Heaven and earth are not humane.
Use countless creatures as straw dogs.
The sage is not humane.
Uses all families as straw dogs.
Heaven and earth’s spaces, are they like bellows?
Empty and not collapsed, moving and expelling more.
Lots of talk often exhausts.
Does not compare to preserving the centre.
Notes on the version:
Bǎixìng (百姓) is literally ‘the hundred surnames’, but usually means ‘the people’ or ‘the common people’. Variations of both turn up in translations. I’ve gone for ‘all families’ as ‘common people’ loses the resonance with wànwù (萬物) (‘countless creatures’, ten thousand things). ‘Hundred’ is used to indicate ‘all of the’, and ‘ten thousand’ is used to indicate ‘countless’. In both cases, I have gone for the less literal, more natural, English option.

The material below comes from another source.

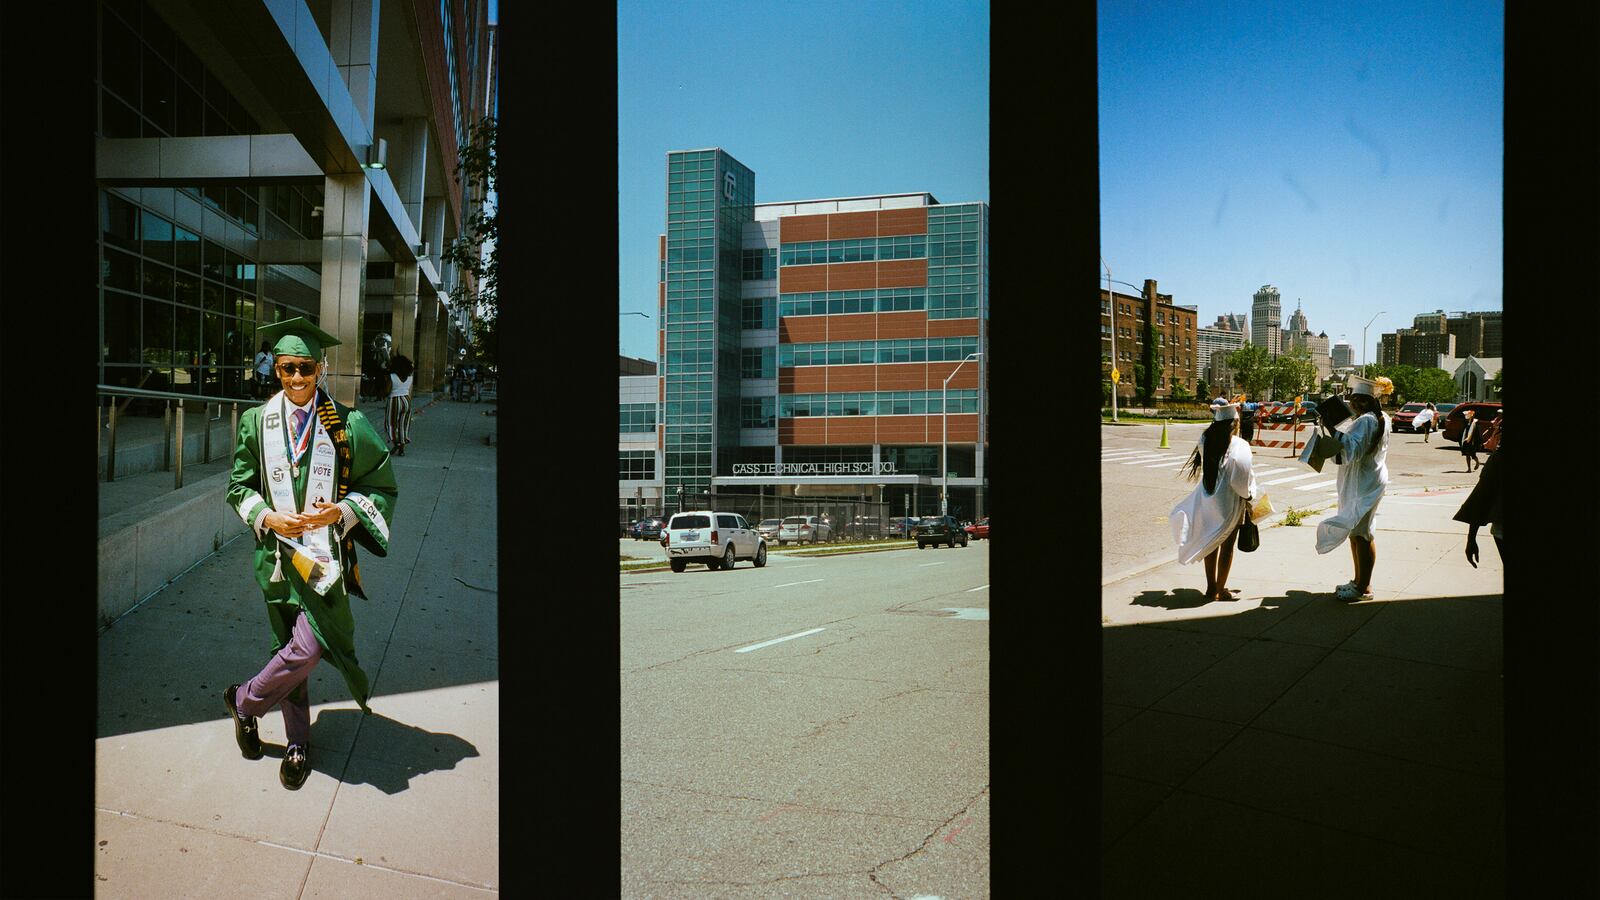 (Left) A young man, the valedictorian of his class, stands in front of his high school wearing green graduation regalia with a large white sash. (Center) The facade of Cass Tech High School in Detroit, a large modern building with glass windows. (Right) Two young women in white graduation gowns walk down a street, next to a large shadow from a building.

‘Heaven and earth’s spaces’ is more often given as singular, or even as something like ‘the space between heaven and earth’. As with my use of plural ‘ways’ instead of the singular ‘the way’, my aim in pluralising is to deflate the dualist metaphysics that the definite article gives English versions. I don’t see any reason to start supposing that ‘space(s)’ is/are something separate to the world, but as soon as the singular is used (and ‘it’) in opposition to all of heaven and earth, it seems like that.